Reproduce the full listing below exactly. Do not include the pictures.

(Beginning of Data)

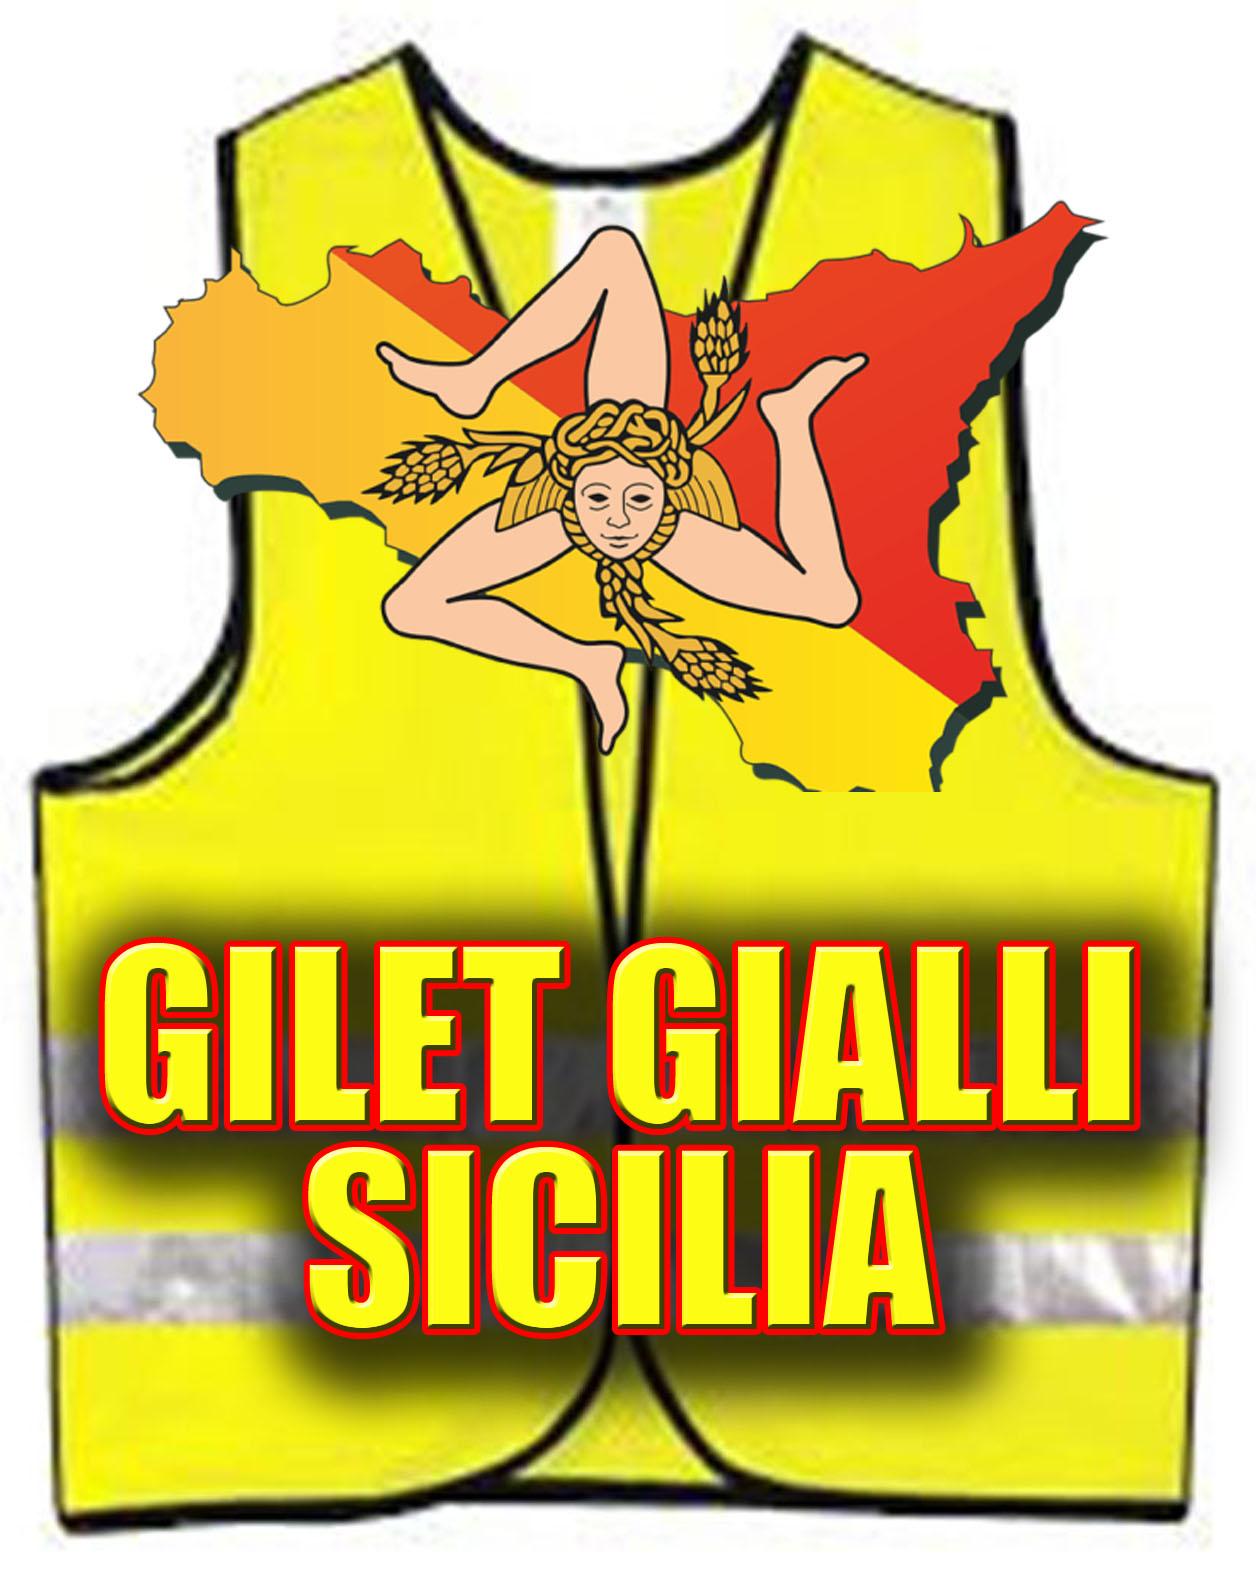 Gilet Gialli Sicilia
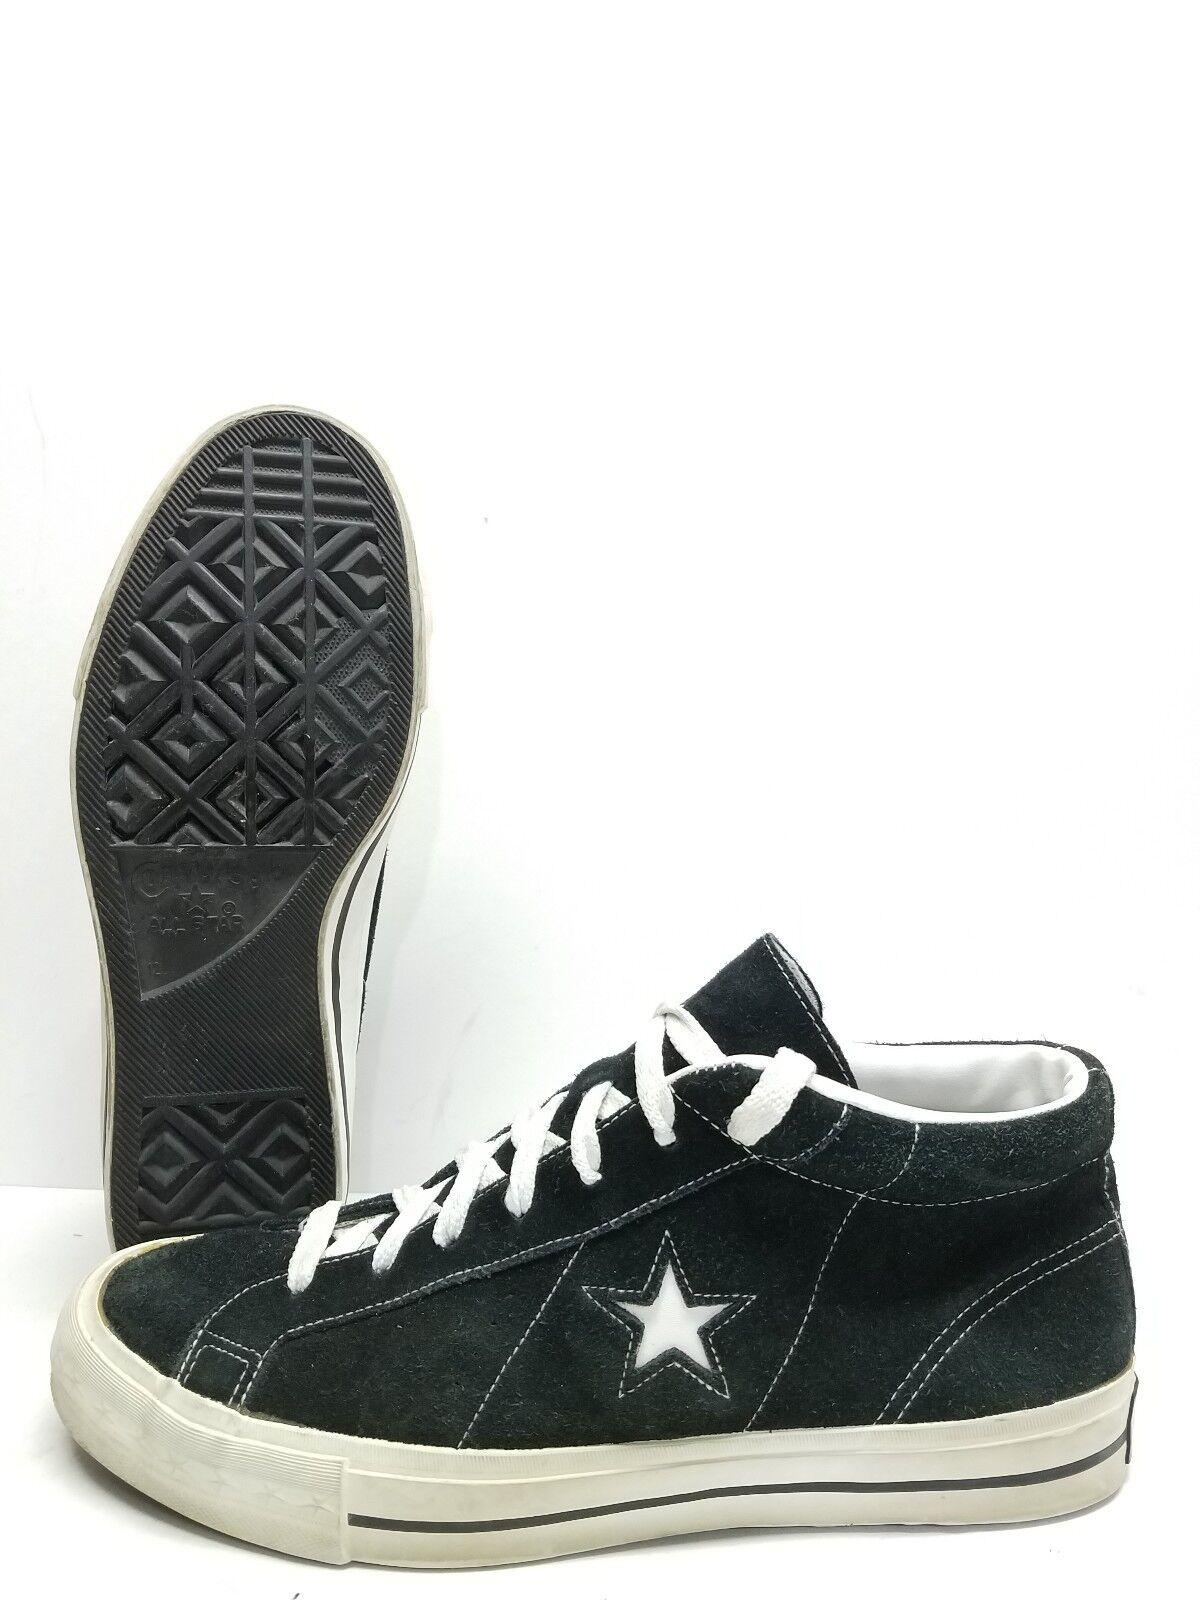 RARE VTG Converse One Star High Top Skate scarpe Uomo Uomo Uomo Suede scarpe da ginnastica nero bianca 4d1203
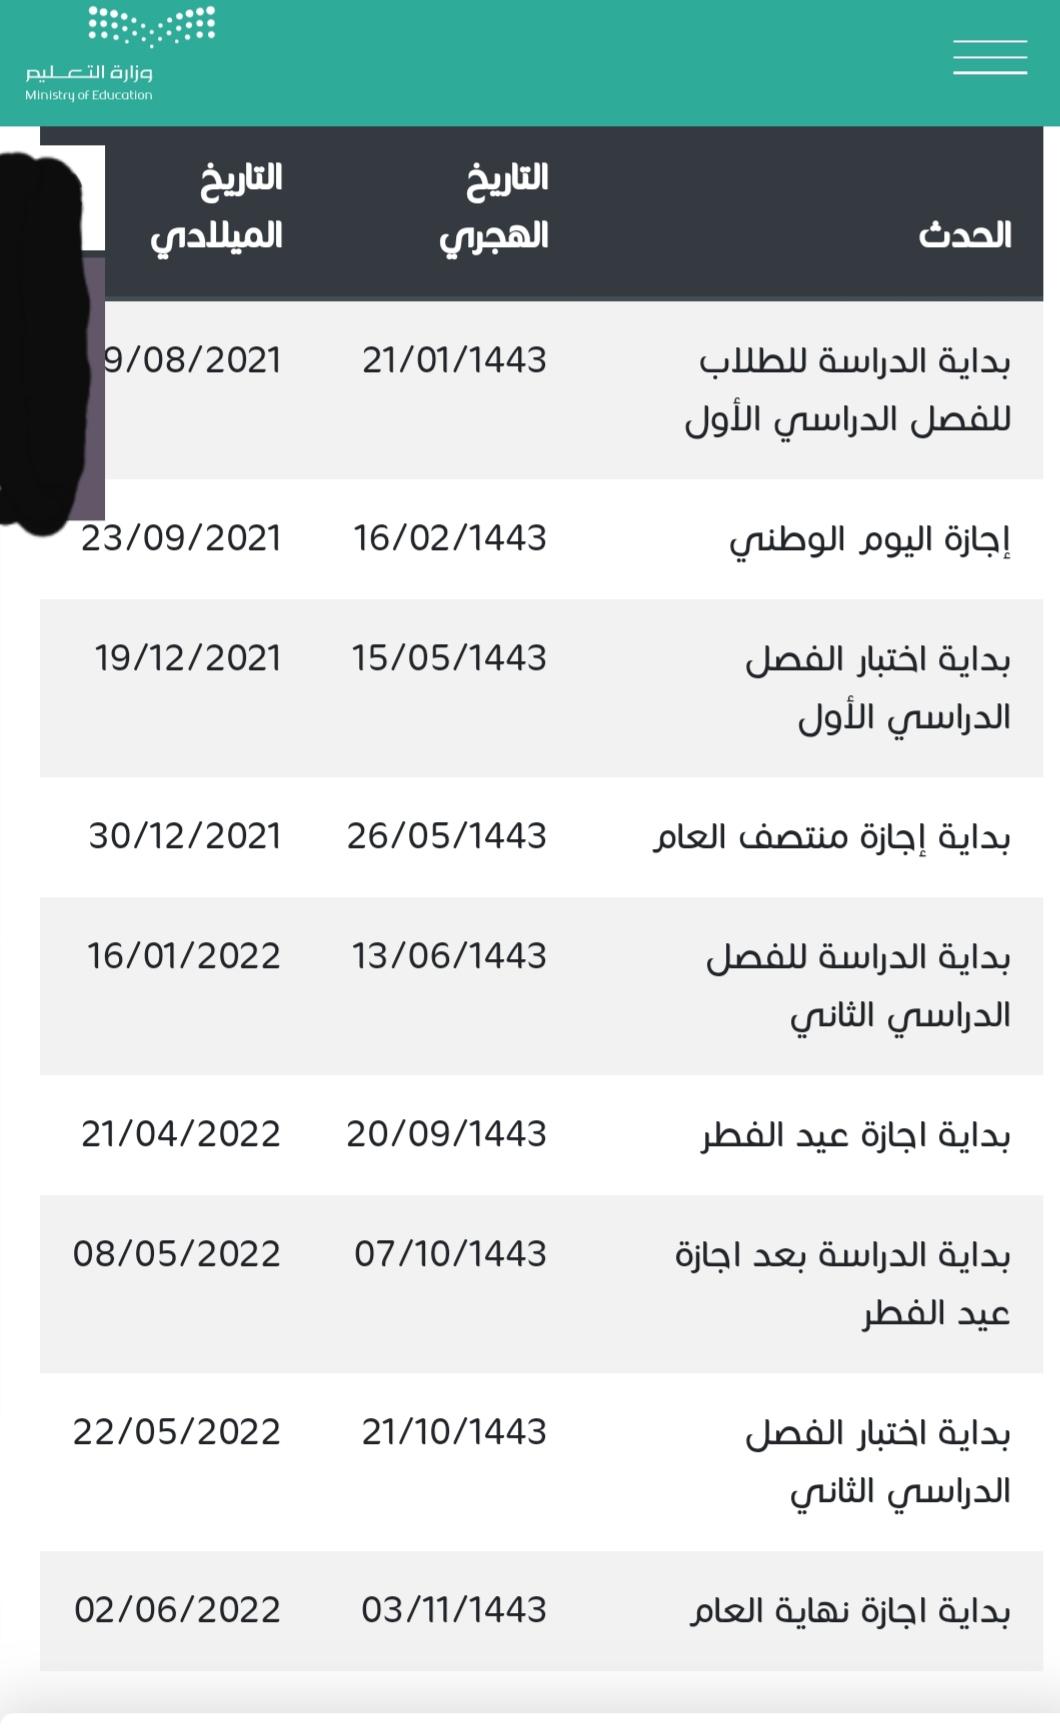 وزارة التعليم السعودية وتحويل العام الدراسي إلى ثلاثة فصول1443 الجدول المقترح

(End of Data)

Answer area:
 Gilet Gialli Sicilia
 RARE VTG Converse One Star High Top Skate scarpe Uomo Uomo Uomo Suede scarpe da ginnastica nero bianca 4d1203
 وزارة التعليم السعودية وتحويل العام الدراسي إلى ثلاثة فصول1443 الجدول المقترح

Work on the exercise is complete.